# Specialized theory for differential operators structured in a matrix?

I'm wondering if there are any special considerations/ideas/treatments of equations of the following sort, where if $$\boldsymbol{x} = (x_1,x_2,x_3)$$: $$\begin{bmatrix} \partial_{x_1} & \left(\partial_{x_3}(\cdot)\right)^2\\ a(\boldsymbol{x})\partial_{x_2}^2 & -4\\ \boldsymbol{b}^T\nabla(\cdot) & \partial_{x_1}^2 \end{bmatrix} \begin{bmatrix} u(\boldsymbol{x})\\ v(\boldsymbol{x}) \end{bmatrix} = \begin{bmatrix} \partial_{x_1}u + \left(\partial_{x_3}v\right)^2\\ a(\boldsymbol{x})\partial_{x_2}^2u-4v\\ \boldsymbol{b}^T\nabla u + \partial_{x_1}^2v \end{bmatrix}= \begin{bmatrix} f(\boldsymbol{x})\\ g(\boldsymbol{x})\\ h(\boldsymbol{x}) \end{bmatrix}$$

Obviously I just made this up, and I'm sure that monstrosity has no solution, but you get the picture: has anyone studied this extra layer of structure you can add in systems of PDEs where you apply an matrix to a vector-valued function whose entries are differential operators in their own right?
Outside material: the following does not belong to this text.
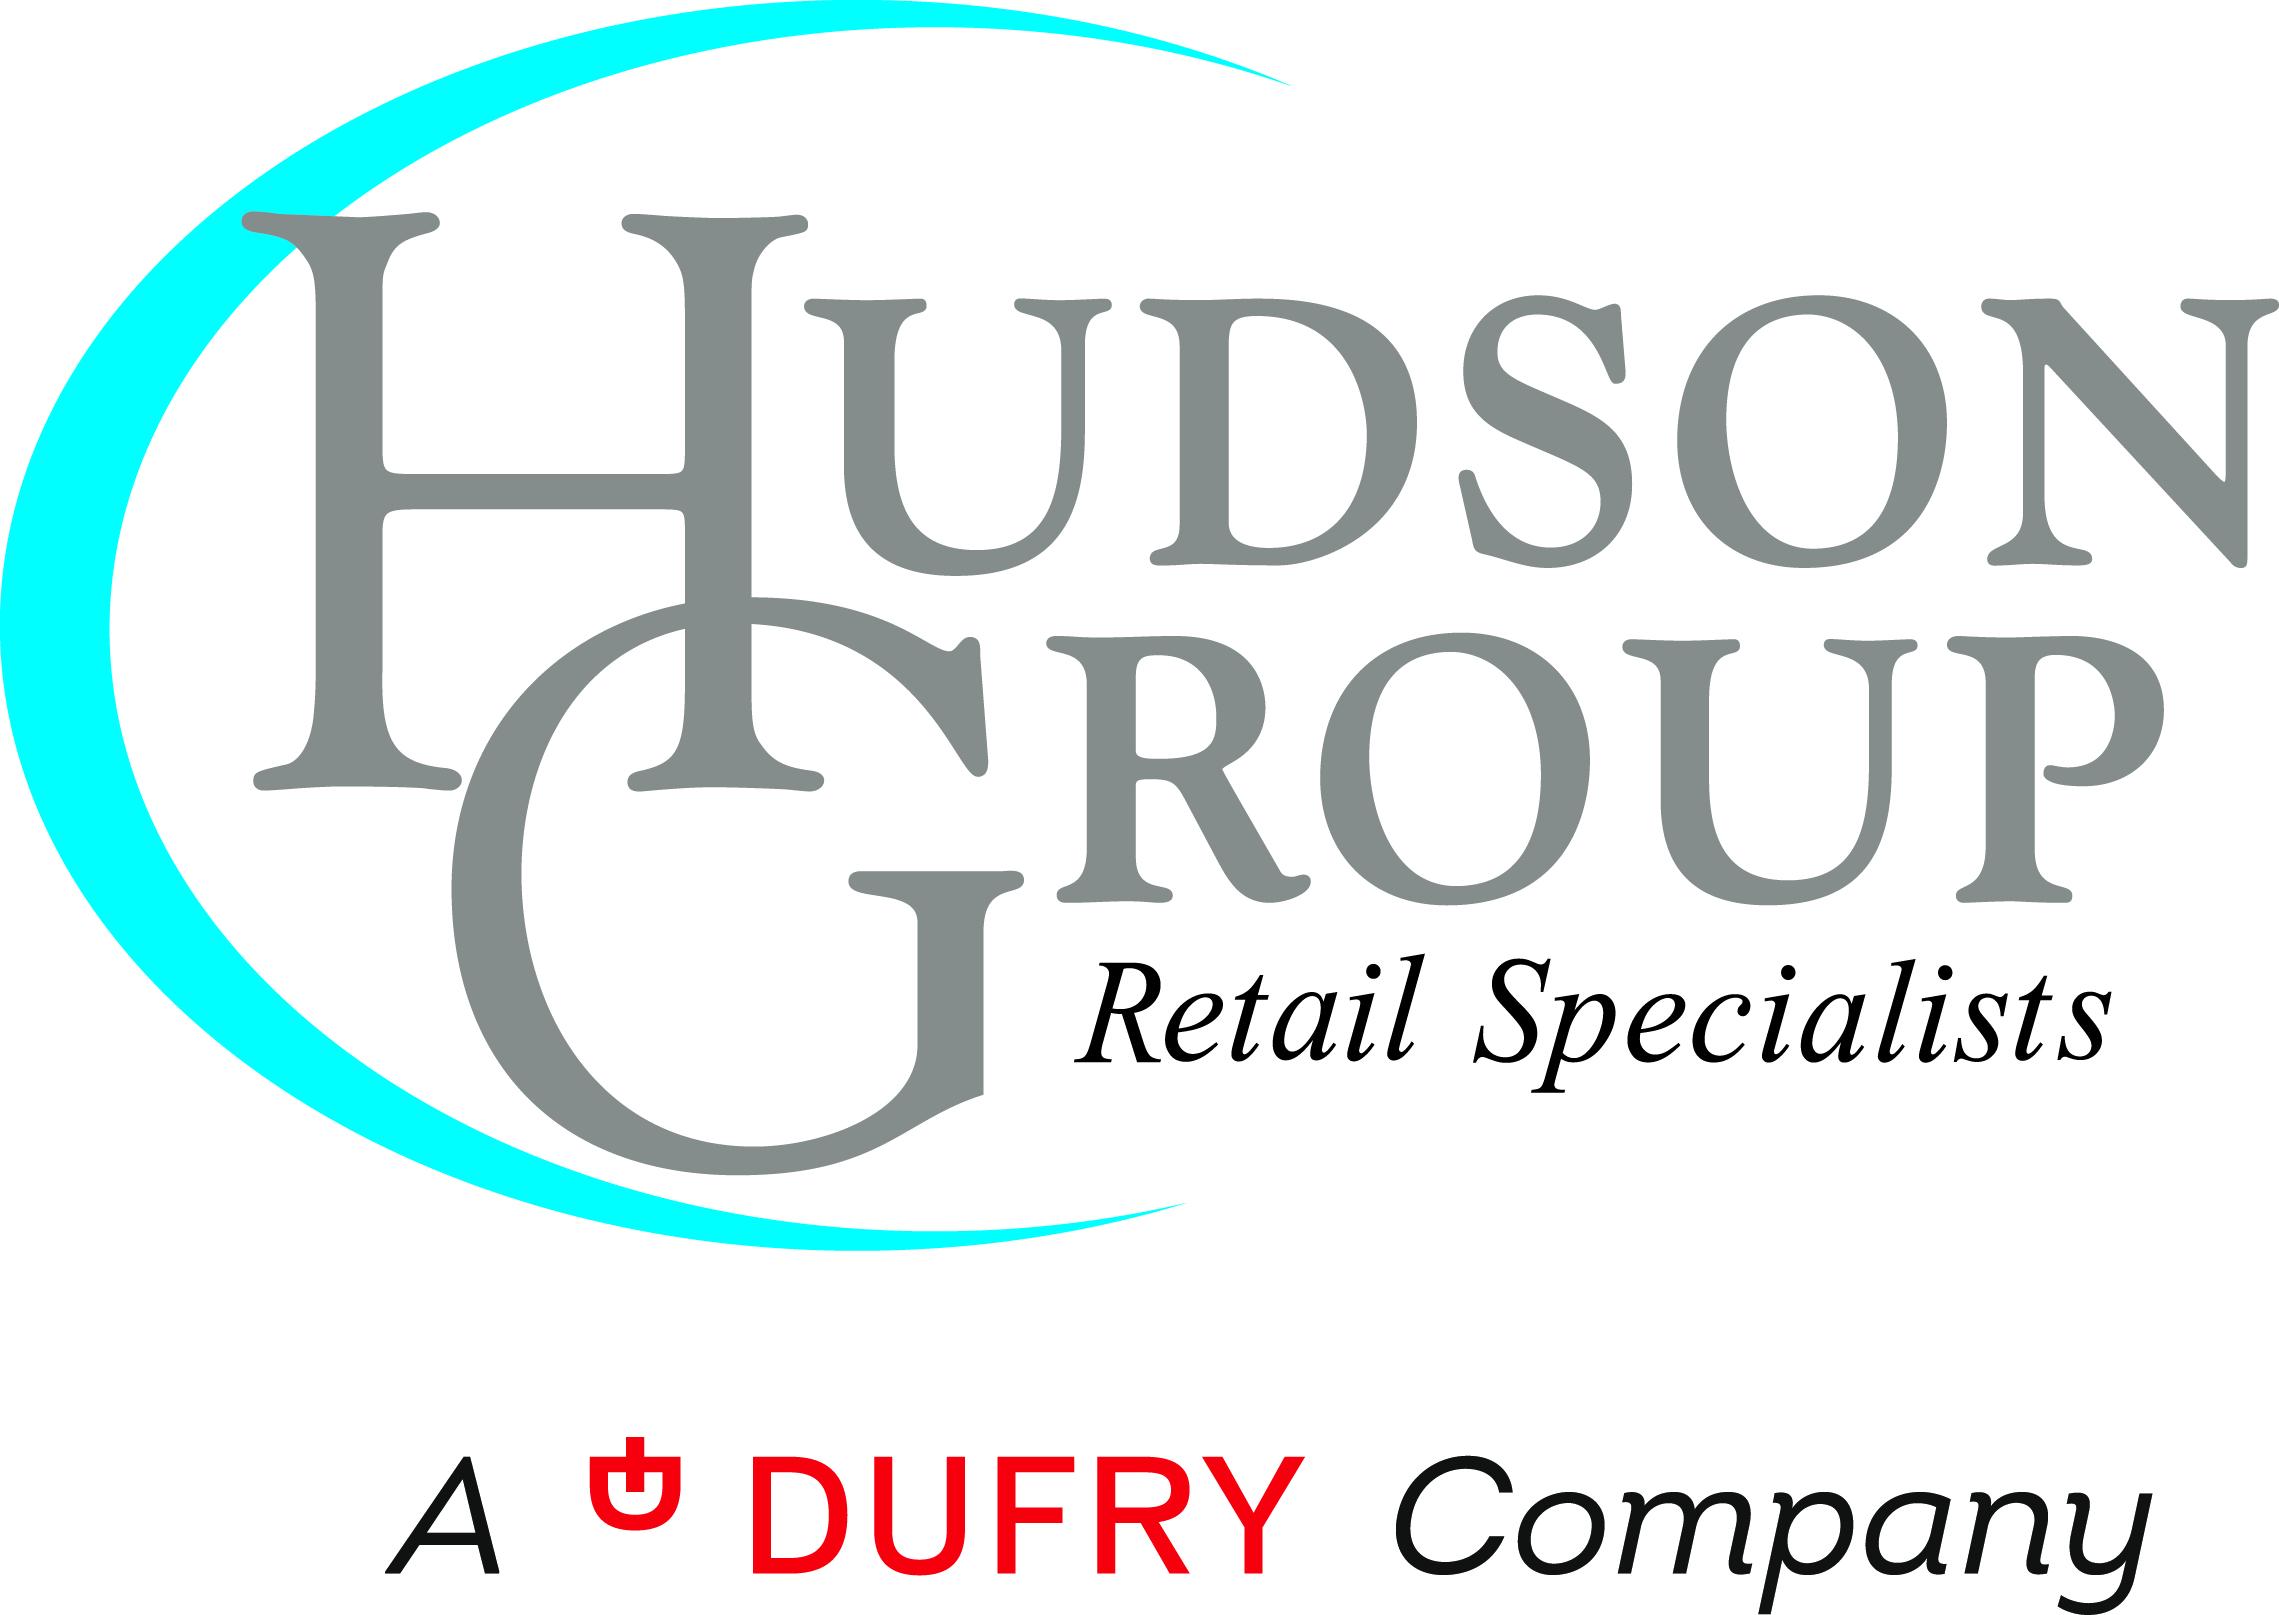 hudson_New dufry_logo

Is there a particular calculus or set of computational rules that arise from these typesequations? Generally in indicial notation, $$L_{ij}u_j(\boldsymbol{x})=f_i(\boldsymbol{x})\quad\text{where L_{ij} are (possibly nonlinear) differential operators}$$ If this is some obvious field/application of study, I clearly don't have the right key search terms to find this on my own. I'm sorry if this is an obvious question.